Wer ihr Vertrauen gewinnt, kann sie streicheln

Die ständige Ausrottung immer neuer Gänsegenerationen durch hungrige Leute bewirkt natürlich, dass nur allzu selten eine Gans jenen Grad an Weisheit erlangen kann, den auch der Mensch nur im Verlauf vieler Jahre erwirbt. Gänse, die ihr erstes Lebensjahr heil überstehen, werden rasch zu Persönlichkeiten.

Man braucht gar nicht die makabre Vorstellung zu hegen, was geistesgeschichtlich wohl aus uns geworden wäre, wenn übermenschliche Kannibalen seit Olims Zeiten fast alle Exemplare des Homo sapiens verspeist und nur einigen wenigen ein längeres Leben gegönnt hätten.

Hausgans

Obwohl die Gänse seit vielen, vielen Jahrhunderten mit den Menschen schlechte Erfahrungen gemacht haben, gewinnen sie rasch Vertrauen. Wer das Herz einer Gans erobert hat, kann sie streicheln, kann sie sogar beim Brüten von ihren Eiern wegtragen, damit sie frißt und trinkt. Oft schnattern die Gänse dann los, wobei sie bald völlig fassungslos scheinen, dass der Mensch ihre Beredsamkeit so gar nicht verstehen will. Immer öfter und immer lauter wiederholen sie, was sie zu sagen haben: nicht anders als der Urlauber im Ausland, der sich auf deutsch verständlich machen will.

Damit deute ich etwas an, was mir mit jedem Jahr des Umgangs mit meinen Gänsen klarer wird: Sie haben erstaunliche Ähnlichkeit mit uns und zeigen Charaktereigenschaften, die man - vorschnell - als "menschlich" aufwerten könnte. Unsere Gänsestamm-Mutter, eine Toulouser graue Gans, lebte mit Mann und zwei Kindern zusammen, als im vorigen Herbst ein (vermutlich tollwütiger) Fuchs in unserer Abwesenheit auftauchte und alle ihre Angehörigen grausam hinmetzelte. Wie sie selbst entkam, weiß ich nicht. Sie überlebte jedenfalls. Aber noch Wochen und Monate hindurch wanderte sie suchend und rufend durch ihre Gefilde: wo waren ihre Angehörigen? Wurden sie nicht wieder lebendig? Erst als sie in diesem Jahr sieben Gänseküken, die wir ihr untergeschoben hatten, aufziehen konnte, vergaß sie über der neuen Aufgabe ihre Verzweiflung. Wir kamen uns erbärmlich vor, als wir die sieben doch eines Tages ihrem Gänseschicksal zuführen mußten.
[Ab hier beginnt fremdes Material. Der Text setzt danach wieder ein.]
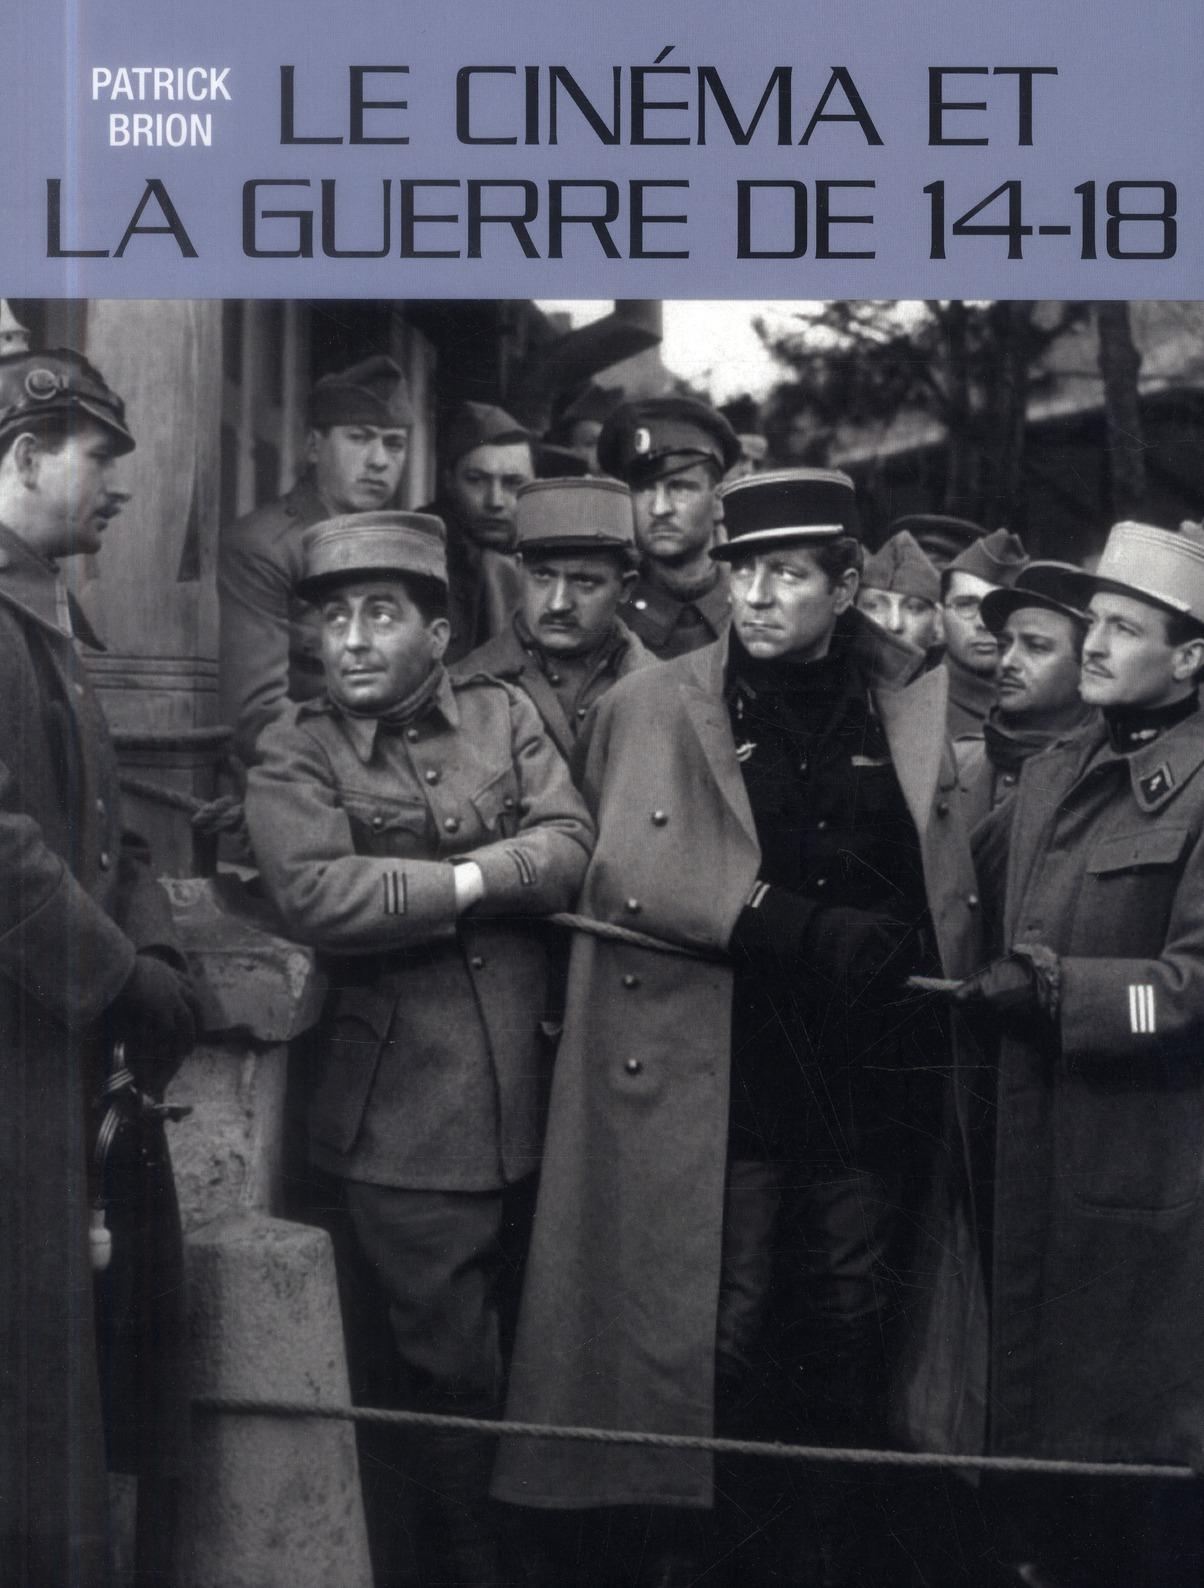 LE CINEMA ET LA GUERRE DE 14-18

In der Tat: Abermals faßte die Ziehmutter nicht, dass ihre Lieben, mit denen sie viele Monate über die Wiesen gezogen war, nun wieder spurlos verschwunden waren, so viel und so klagend sie auch rief. Dabei hatten wir, um ihr Los zu erleichtern, zwei neue Toulouser Gänse für sie besorgt, die nun mit ihr zu einer neuen Familie zusammenwachsen sollten. Aber es dauerte lange, bis sie ihre Stiefkinder vergessen und die beiden neuen Gefährten akzeptiert hatte.

Das Gegenstück erlebten wir vor zwei Jahren. Als wir eines Sommerabends unsere weißen Gänse am Stall erwarteten, fehlte der stattliche Ganter. Die Gänse selbst zeigten keinerlei Verwunderung oder Unruhe. Im hohen Gras versuchten wir, die Spuren der Gänseschar zu verfolgen. Da war sie in ein Waldstück hineingelaufen. Hier lag er, der Ganter. Tot. Ohne jedes Zeichen einer Gewalteinwirkung. Was immer ihm passiert sein mochte - vielleicht Herzschlag? -, er war gestorben. Die Sippe hatte sein Ende zur Kenntnis genommen und es akzeptiert ganz anders als das ruchlose Schlachten durch Menschenhand. Wie von selbst übernahm an seiner Stelle Rosalie, die älteste der Gänse, das Kommando.